11.12.08

el horror

Pese a estar a un punto de sacarme el carnet de novio de una poeta, se me puede considerar un tipo duro. De pequeñito me hinché a ver animalitos muertos por el campo, con la familia he reducido a unas cuantas docenas de cerdos a chorizos y morcillas, e incluso una vez pasé por un concierto de aquellos vejestorios que cantaban lo del “probe Manué” sin echar los higadillos. Soy capaz de mantener la compostura incluso frente a las cosas más nauseabundas, como las sardinas o los filetes de hígado, y en los juegos de tiros sonrío ufano cuando veo que son de esos que a la que le aciertas a alguien en el cuello, el vientre o la entrepierna incluyen un ingente despliegue de sangrienta casquería gráfica en la pantalla.

Y además, lo he visto todo de Clint Eastwood (y conste que en “todo” no se incluyen, porque no, Los Puentes de Madisson), y desde muy pequeño le convertí en mi modelo a seguir hasta el punto de que tengo mis sospechas sobre si las razones que llevaron a la Muchacha a negarse sin contemplaciones a que me comprase un póster de Clint Eastwood, Colt Army mod. 1860 en mano, era la posibilidad sin duda alta de confundirme con la figura del cartel.

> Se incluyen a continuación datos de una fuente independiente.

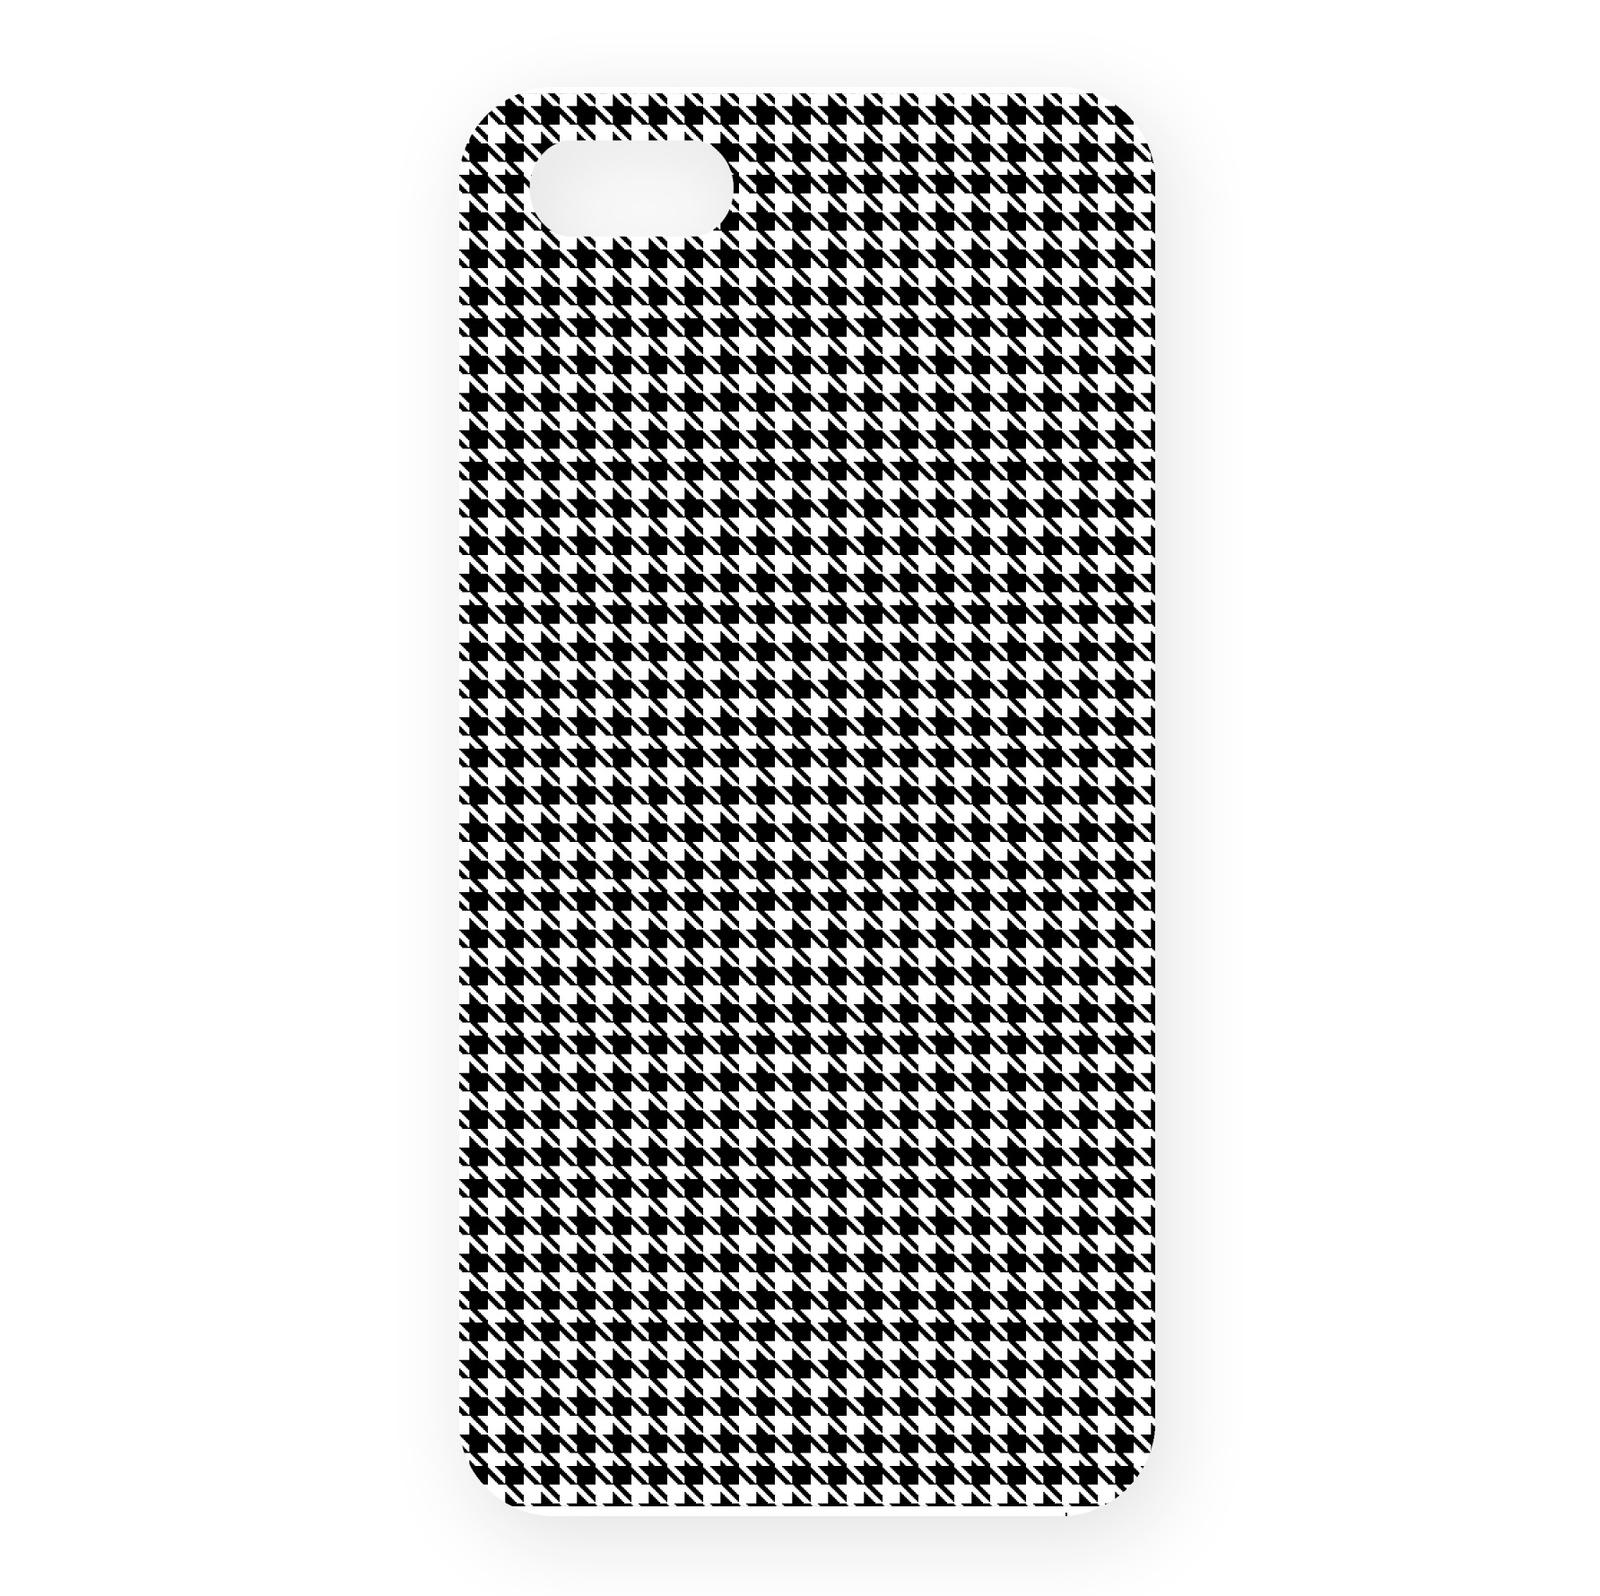 цена Чехол для сотового телефона Mitya Veselkov IP5.MITYA, IP5.MITYA-256 онлайн в 2017 году
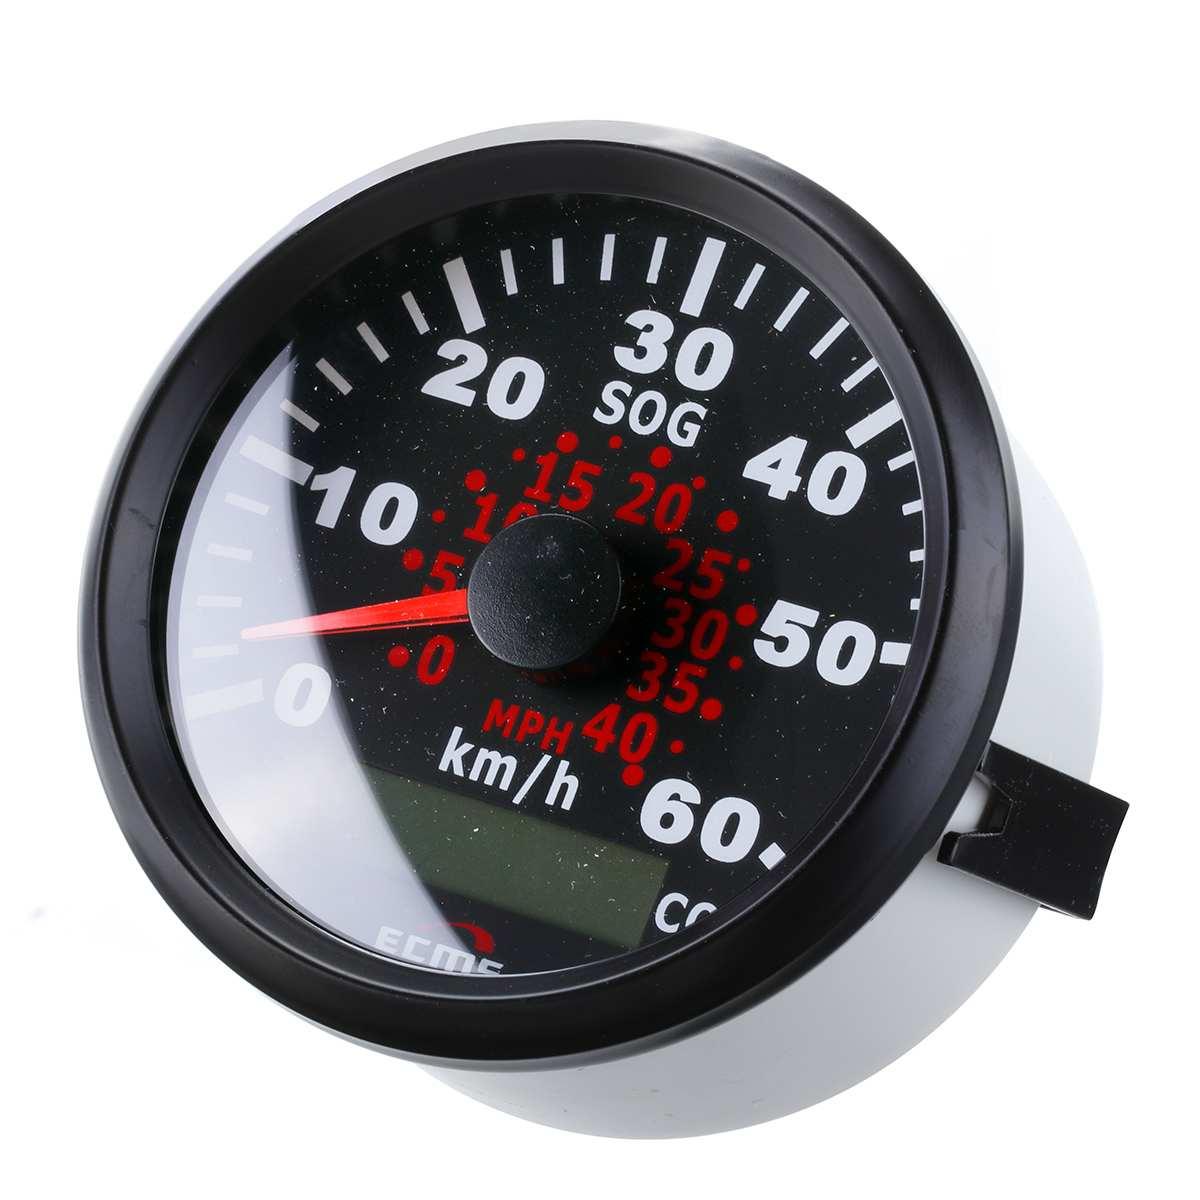 85mm Auto Car Truck Marine GPS Speedometer Waterproof Speed Sensor Meter Gauge Digital Odometer Automobiles Replacement Parts 6

Así, hay pocas cosas que me alteren o me afecten (aparte de los niños, los curas y la Wii). Y aún así.

Aún así, ayer.

Ayer, yo.

Buf. Esto va a ser difícil. Pero tengo que sacármelo de.

A veces olvidamos que el mundo es, en esencia, un lugar hostil. Miramos al firmamento y mucho oooh mira las estrellitas y mucho aaah, ¡la vía láctea!, y no queremos recordar los ecos de las explosiones de las supernovas, los infiernos congelados de los vacíos siderales, el peso del cosmos derrumbándose en los agujeros negros. Somos parte del mundo, vivimos en él, pero quizá por miedo quizá por despiste, nos olvidamos de su naturaleza diabólica y psicópata (incluso aquí, trabajando para una secta satánica), y nos consideramos a salvo en un mundo esencialmente tranquilito. Y a veces el mundo se transfigura hasta mostrar el horror, su cara más honesta, y nos despierta con un par de fríos tortazos, con el balde de agua fría de la realidad.

Ayer, el horror se me apareció. Aquí. En la secta.

Yendo al cuarto de baño. ¿Quién iba a sospechar nada de ese habitáculo tranquilo y silencioso en el que tantos y tantos días me he refugiado yo a echar partidas al tetris en el teléfono móvil? ¿Cuántas veces he ido a proveerme de sucedáneos de cleenex, a aliviar la vejiga o a contemplarme las ojeras en el espejo? ¿Cuántas veces he ido ya a ese cuarto de baño?

Hasta ayer, ningún problema. Hasta ayer, el baño era un lugar donde estar a salvo, esencialmente tranquilito.

Era media tarde. Yo me levanté y fui hacia allí a tratar unos asuntos, a echar mi partidita de tetris, alegre, animado, como tantas veces.

Pero olía raro.

Y se veía raro.

Un líquido viscoso cubría el suelo, y la parte de la taza que alcancé a ver.

Gotas de algo gelatinoso colgaban de las paredes, redondeaban pequemos mundos llenos de horrorizados clones míos en el espejo de la pared.

Yo quise gritar, pero entonces noté la rareza del olor, y dejé de respirar.

No era un olor habital para un cuarto de baño.

Lo peor, lo más desconcertante, lo horrible, era que olía bien.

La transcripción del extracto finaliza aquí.